Statement on Study Showing 15% Increased Cancer Rates Among 9/11 Responders
By Crystal Gajewski on in News Coverage
Dear Friends, Supporters and Fellow First Responders:
As you are aware, the National Institute of Occupational Safety and Health (“NIOSH”) and the Mount Sinai World Trade Center Health Program have issued a report indicating that 9/11 First Responders have a 15% higher incidence of cancers than the general public. This report continues to prove what we in the 9/11 Community have known for many years, the various toxins inhaled and ingested at the World Trade Center Site have caused cancer. The unfortunate reality, as set forth in the report, is that these cancers are occurring earlier than experts had previously predicted. Most importantly is that all 9/11 First Responders who have not previously enrolled in a WTC Health Program will do so now. While preemptive care may not prevent cancer, it may help eradicate it in the early stages of development. The free treatment and monitoring of your health, from experts in the field, is an invaluable resource that all 9/11 First Responders should take advantage of.

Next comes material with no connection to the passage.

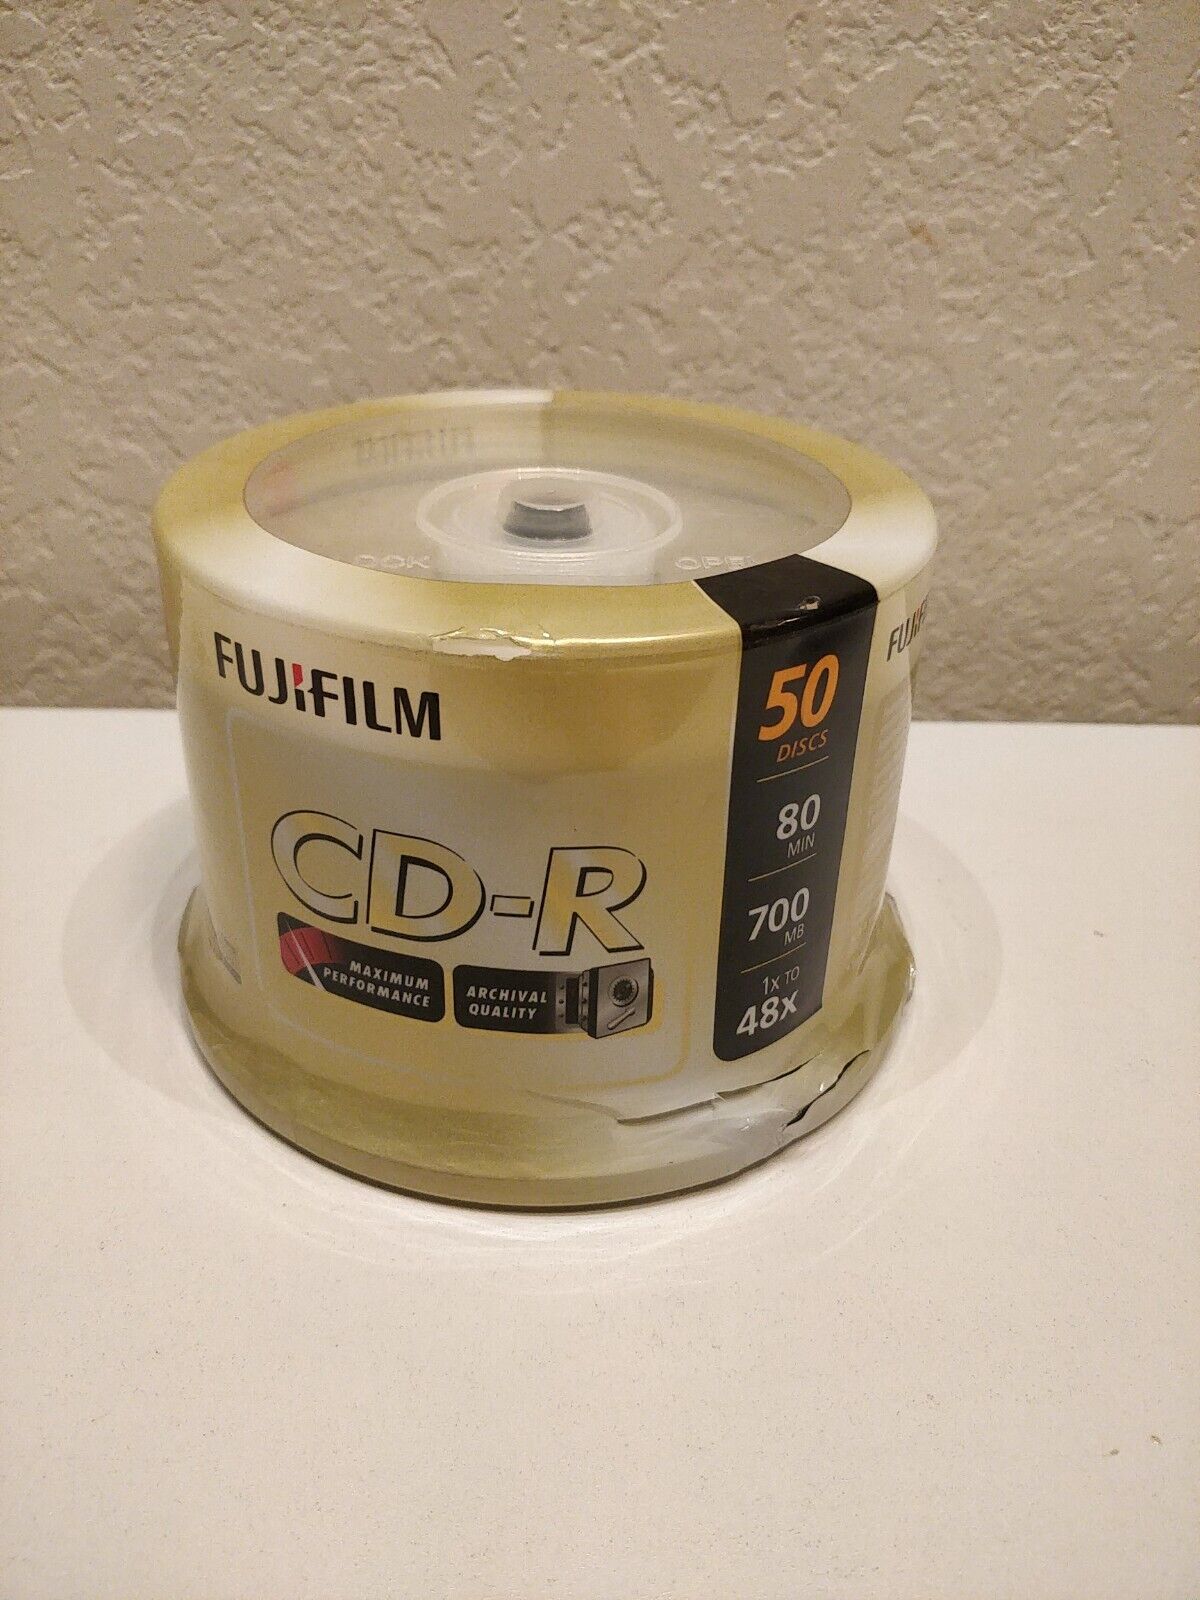 Fujifilm CD-R 80min 700MB/Mo, up to 48X write speed, 50 pack, New

On behalf of Ski’s Open Heart Foundation and the FealGood Foundation (“FGF”) I would like to thank The World Trade Center Health Program for its diligent and tireless efforts on behalf of the 9/11 First Responder Community and applaud them for groundbreaking study. Ski’s Open Heart Foundation and The FGF would also like to thank NIOSH and Dr. John Howard for its leadership and stewardship of the 9/11 Health Programs. Without NIOSH’s continued support, studies of this magnitude would not be possible.

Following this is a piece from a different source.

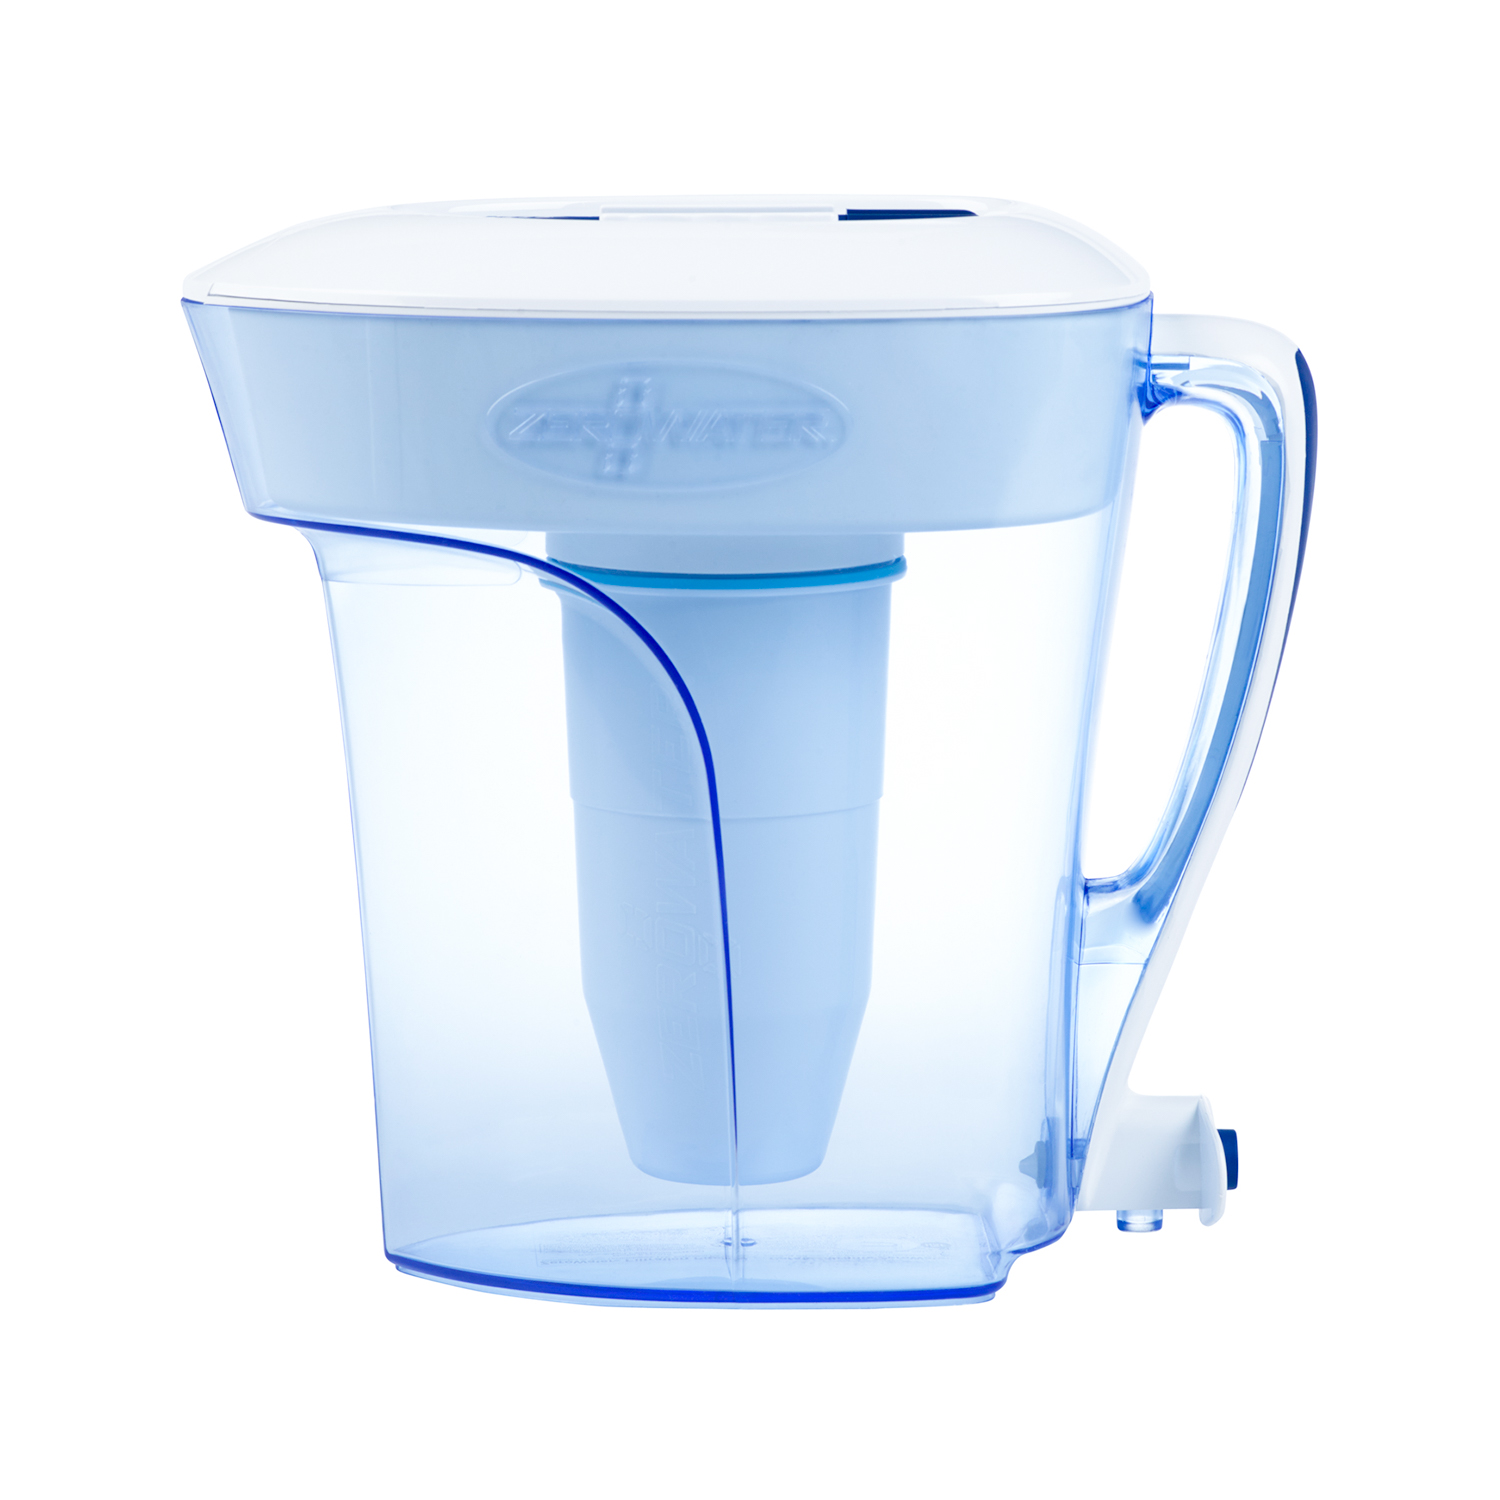 Ten cup pitcher with filter inside

The report also acts as further proof that additional cancers must be added for medical coverage and compensation under the Zadroga Bill. As the report indicates, increased rates of Prostate Cancer were seen among 9/11 First Responders, a cancer not yet covered for treatment or compensation under the Zadroga Bill. The FGF will continue to advocate and educate decision makers on the need for additional cancers to be covered under the legislation. We urge all 9/11 First Responders to join us in educating our leaders of our continued health struggles.